Hummer-Alarm / Kommentar zu EU-Vergeltungszöllen gegen die USA von

Stefan Reccius.

Frankfurt (ots) - Monatelang mussten sich Politik und Exporteure auf beiden

Seiten des Atlantiks gedulden, nun ist die mit Spannung erwartete Zahl

durchgesickert: 4 Mrd. Dollar pro Jahr stehen der Europäischen Union an

Vergeltungszöllen zu, als Ausgleich für illegale Exportsubventionen der

US-Regierung an den Flugzeugbauer Boeing. Brisanter könnte der Zeitpunkt für

diese Entscheidung kaum sein.

Keine fünf Wochen vor der US-Präsidentschaftswahl steht die EU vor einer

delikaten Entscheidung: Ernst machen und eine weitere Eskalation riskieren? Die

Zölle würden einen neuerlichen Tiefpunkt im transatlantischen Verhältnis

markieren und der Weltwirtschaft mitten in der Erholung einen Schlag versetzen.

Oder sollte Brüssel abwarten und auf einen Machtwechsel im Weißen Haus hoffen?

Das wäre ein Zeichen von Schwäche, das Trump im Fall seiner Wiederwahl in die

Karten spielt.

Der neue EU-Handelskommissar Valdis Dombrovskis ist um seine erste

Bewährungsprobe nicht zu beneiden. Vorgänger Phil Hogan hat keinen Zweifel daran

gelassen, dass die EU zurückschlagen wird, sobald die Autorisierung von Seiten

der WTO da ist. In der Zwischenzeit ist jedoch nicht nur die US-Wahl näher

gerückt und mit ihr die Aussicht auf ein Ende des Zollspuks, hat doch der

Berater von Trump-Herausforderer Joe Biden der EU mit der Ansage, den

"künstlichen Handelskrieg" beenden zu wollen, eindeutige Avancen gemacht. Auch

haben Amerikaner und Europäer kürzlich ein Freihandelsabkommen im Miniaturformat

geschlossen, das leicht zu übersehen, dafür in seiner politischen Wirkung kaum

zu überschätzen ist: Im Wesentlichen erlässt die EU den USA die Zölle auf

hierher exportierten Hummer. Ein Zugeständnis an Trumps Klientel in der

Hummer-Hochburg Maine, wo der Präsident auf jede Stimme angewiesen ist.
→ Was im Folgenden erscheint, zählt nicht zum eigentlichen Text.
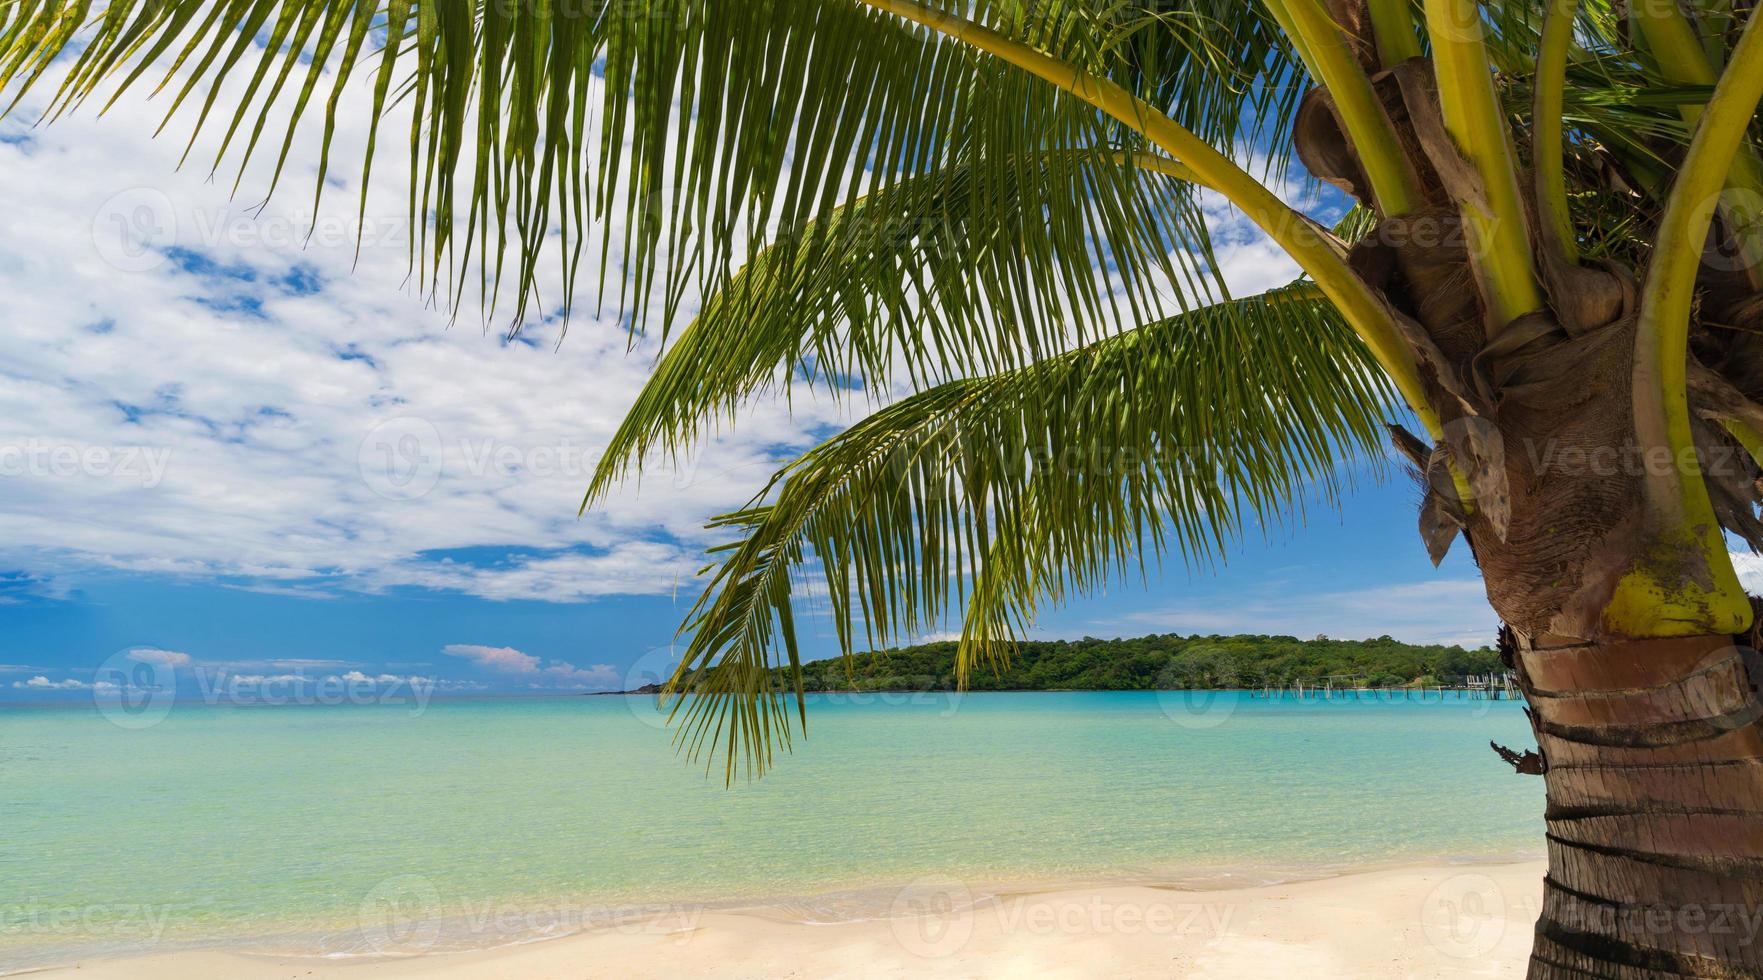 prachtig tropisch strand en zee met kokospalm onder de blauwe lucht foto

Mit der Zolldrohung im Airbus-Boeing-Konflikt wendet sich das beim Hummer

angewendete Kalkül ins Gegenteil: Kohleproduzenten, Farmer und Fischer in den

USA müssen Zölle fürchten - ebenfalls republikanische Stammwähler. Solche

Wahlkampfeinmischung kann Trump kaum unbeantwortet lassen. Trotzdem sollte die

EU nicht den Mut verlieren: Die USA erheben längst Milliardenzölle, weil auch

EU-Staaten im Umgang mit Airbus WTO-Recht gebrochen haben. Der seit 2004

schwelende Streit geht nicht auf Trumps Konto, und er wird auch nicht mit dessen

Auszug aus dem Weißen Haus enden. Die von der WTO autorisierten Zölle müssen

kommen - nur so lässt sich anschließend glaubhaft und auf Augenhöhe verhandeln.